Louise A. Fitch (October 18, 1914 – September 11, 1996) was an American actress best known for her work in old-time radio.

== Early years ==
Fitch was born into a Yiddish-speaking family in Omaha, Nebraska, to Leo (Lev) Fitch (1884–1947) and Fannie (Frieda) Riekes Fitch (1896–1960), Jewish immigrants from Ukraine and Russia, respectively. She grew up in Council Bluffs, Iowa, where she received her elementary and secondary education. While she was a student at Creighton University, Fitch was a beauty queen, editor of the school's newspaper, and the school's best violinist.
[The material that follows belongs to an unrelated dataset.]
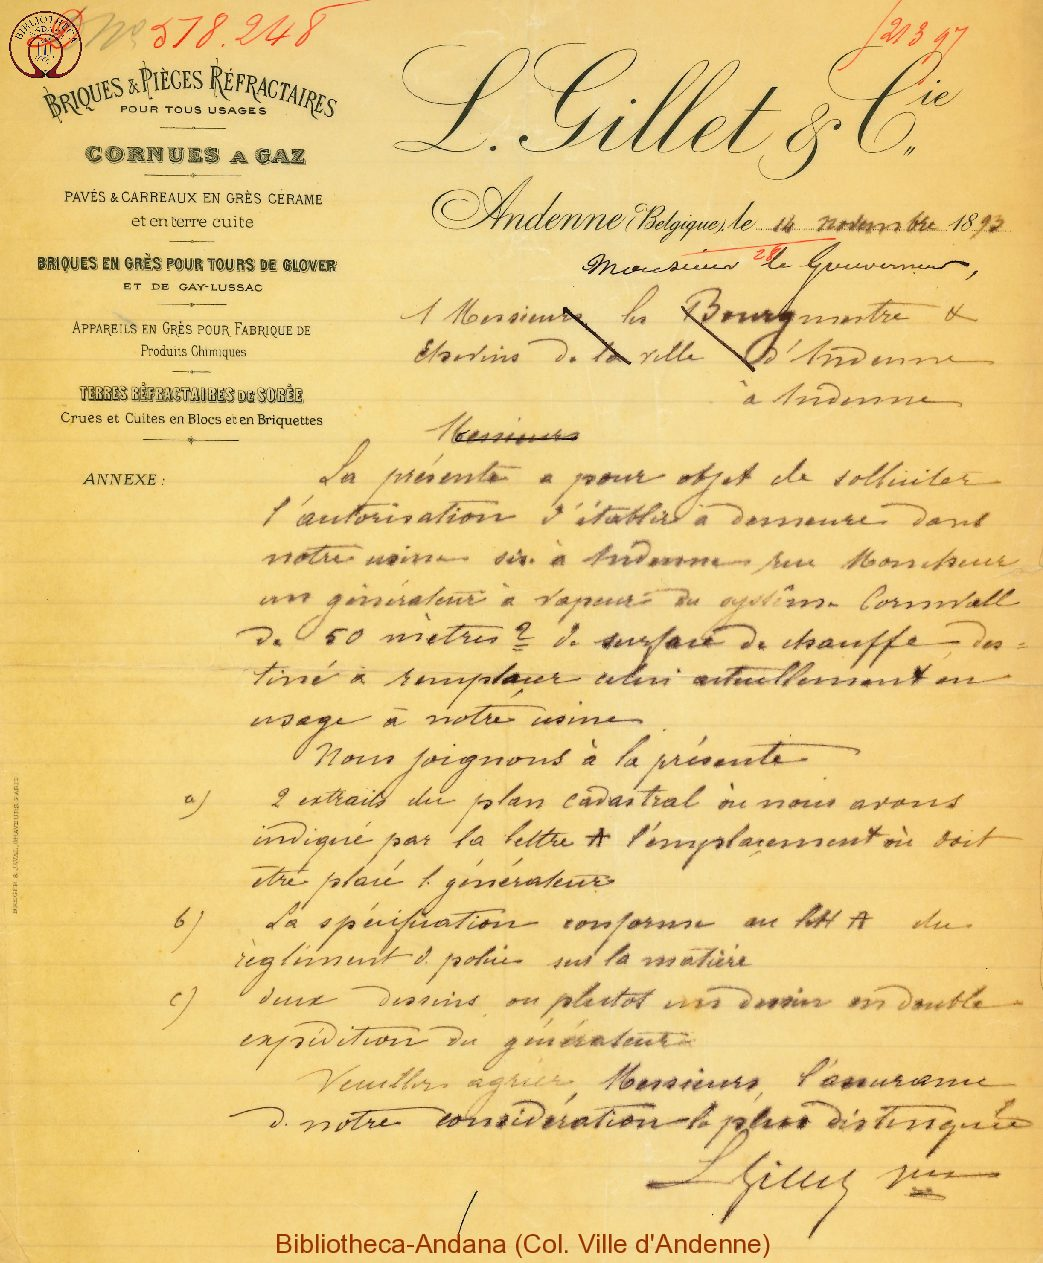 1893-11-14
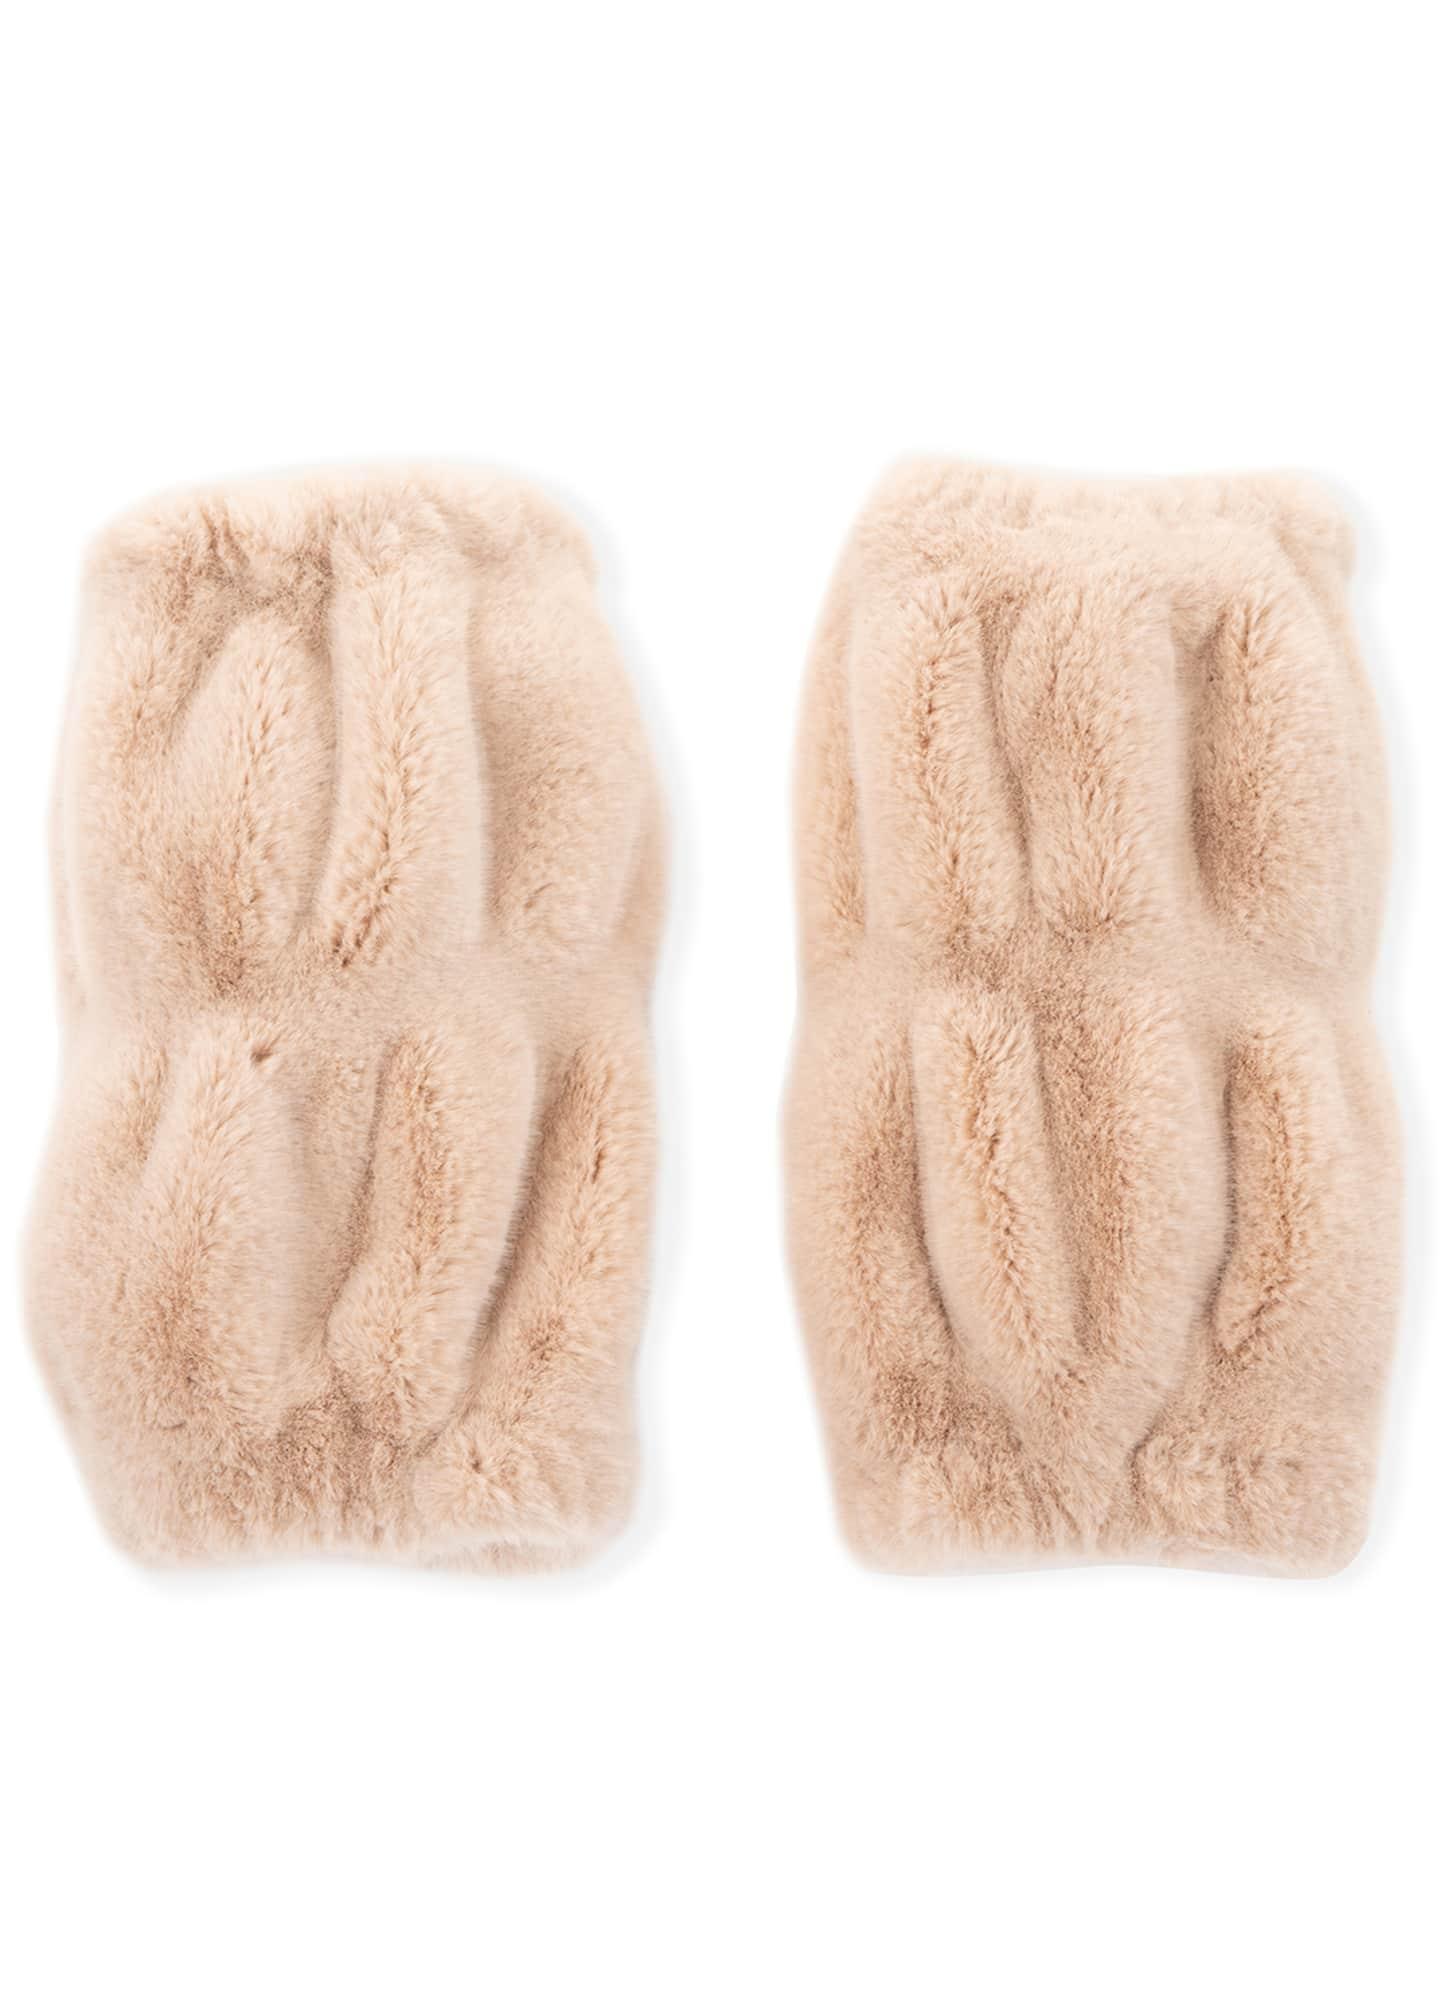 Fabulous Furs Kid's Couture Faux-Fur Leg Warmers

She initially majored in journalism, planning to go into that profession, but opportunities for acting changed her mind. Participation in Creighton's dramatics society helped Fitch to develop her acting skills, and her debut on stage came unexpectedly when she had to go on for a leading lady who became sick. She gained additional experience by acting with a stock theater company throughout her college years.

==Radio==
Fitch first worked in radio as a copywriter for station KOIL in Omaha, Nebraska, for five months. Her entry into acting on radio came by accident when she visited a friend who was an announcer at a station in Chicago. A director mistakenly had her audition for a part, leading her to be cast as Nancy in That Brewster Boy.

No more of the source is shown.